Intrepid Potash, Inc. Announces Exercise of Option to Purchase Additional Shares

Denver, Colorado; April 23, 2008 — Intrepid Potash, Inc. (NYSE:IPI) announced today that the underwriters of its initial public offering exercised their option to purchase an additional 4,500,000 shares of its common stock at $32.00 per share. The option was granted in connection with the company’s initial public offering of 30,000,000 shares of common stock, which priced on April 21, 2008.

Goldman, Sachs & Co., Merrill Lynch, Pierce, Fenner & Smith Incorporated and Morgan Stanley & Co. Incorporated are serving as joint-book running managers of the offering. RBC Capital Markets Corporation and BMO Capital Markets Corp. are co-managers of the offering.

The public offering is being made by means of a prospectus, copies of which may be obtained from:

 

   

Goldman, Sachs & Co. Prospectus Department, 85 Broad Street, New York, NY 10004 (telephone number: 212-902-1171);

 

   

Merrill Lynch & Co. Prospectus Department, 4 World Financial Center, New York, NY 10080 (telephone number: 866-500-5408); or

 

   

Morgan Stanley & Co. Incorporated, Attention: Prospectus Department, 180 Varick Street, New York, NY 10014 (telephone number: 866-718-1649) (email address: prospectus@morganstanley.com).

A registration statement relating to shares of common stock of Intrepid Potash, Inc. has been declared effective by the Securities and Exchange Commission. This press release shall not constitute an offer to sell or the solicitation of an offer to buy nor shall there be any sale of these securities in any state or jurisdiction in which such offer, solicitation or sale would be unlawful prior to registration or qualification under the securities laws of any such state or jurisdiction.

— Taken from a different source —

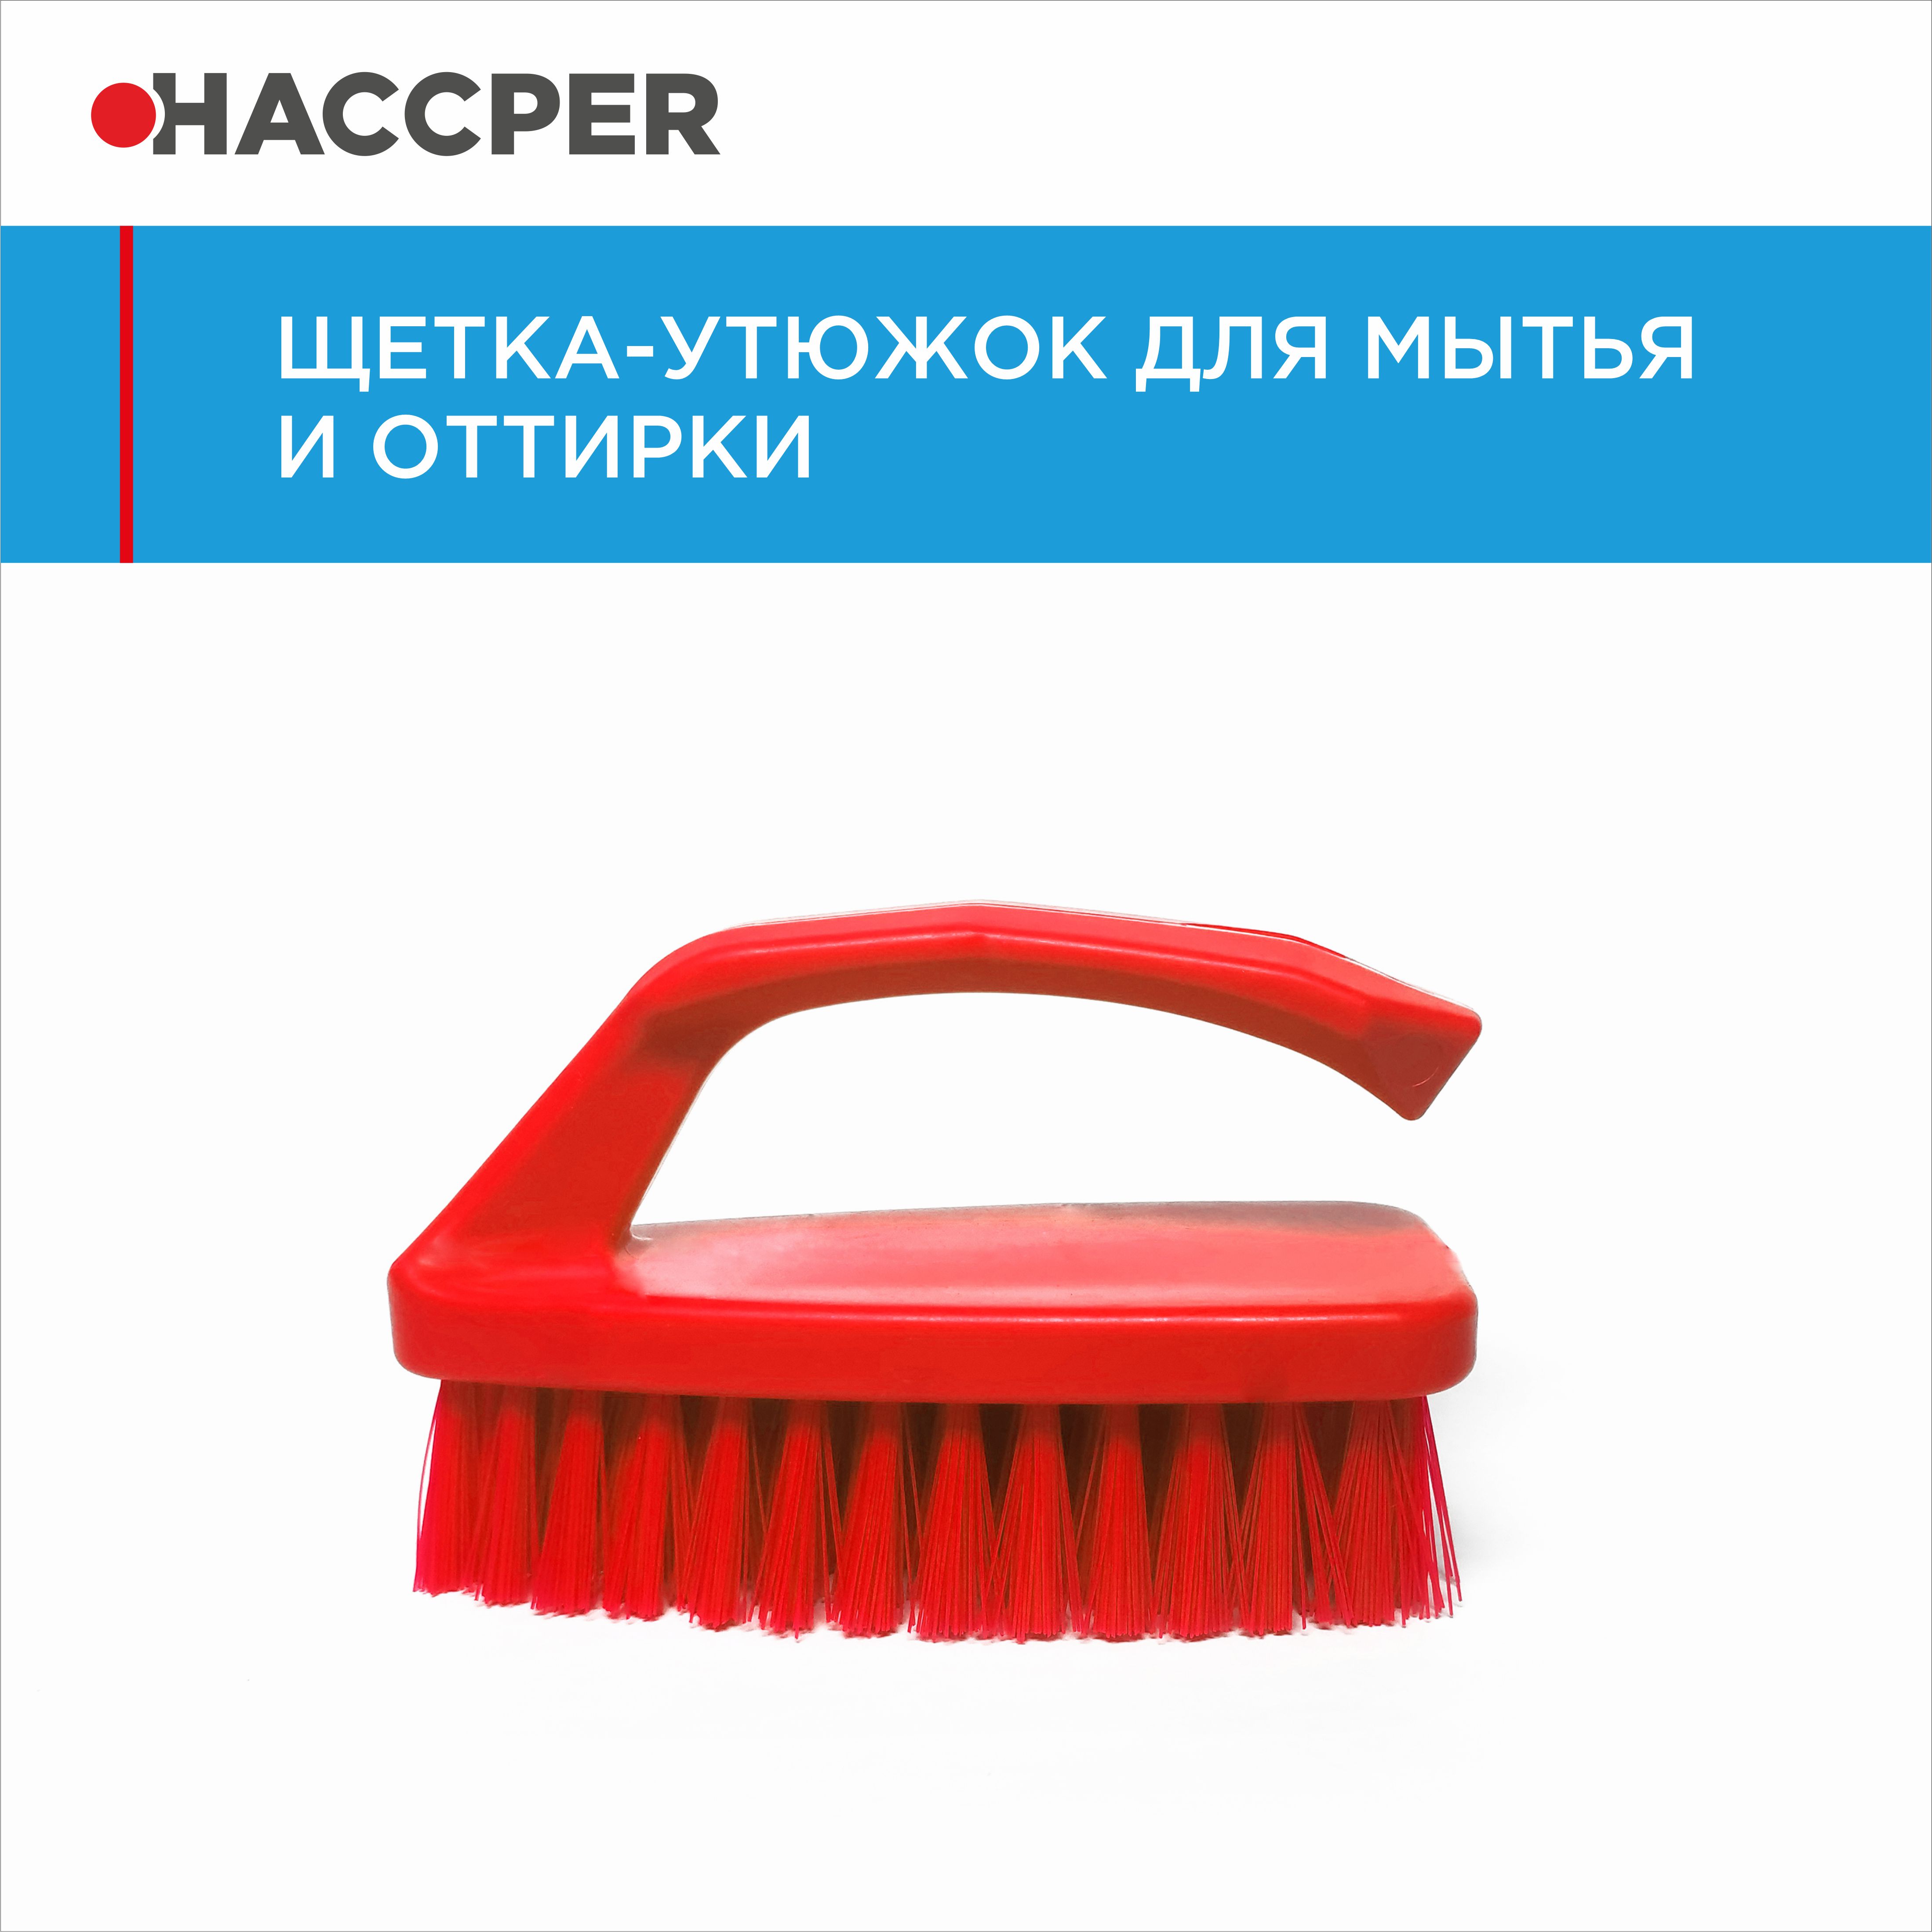 Щетка-утюжок HACCPER для мытья и оттирки, красный

Intrepid Mining LLC, the parent company of Intrepid Potash, is the largest producer of potash in the U.S. and is dedicated to the production and marketing of potash and langbeinite, another mineral containing potassium. Intrepid Mining owns five active potash production facilities — three in New Mexico and two in Utah.

###

The information set forth in this press release contains certain “forward-looking statements” within the meaning of the Private Securities Litigation Reform Act of 1995 concerning the business, operations and financial condition of Intrepid Potash, Inc. and its subsidiaries and affiliates (“Intrepid”). Words such as “anticipates,” “believes,” “estimates,” “expects,” “forecasts,” “predicts” and variations of such words or expressions are intended to identify forward-looking statements. Although Intrepid believes the expectations reflected in such forward-looking statements are based upon reasonable assumptions, there can be no assurance that its


expectations will be realized. “Forward-looking statements” consist of all non-historical information, including the statements referring to the prospects and future performance of Intrepid. Actual results could differ materially from those projected in Intrepid’s forward-looking statements due to numerous known and unknown risks and uncertainties, including, among other things, the “Risk Factors” described in Intrepid’s filings with the Securities and Exchange Commission. Intrepid does not undertake any obligation to publicly update any forward-looking statement to reflect events or circumstances after the date on which any such statement is made or to reflect the occurrence of unanticipated events.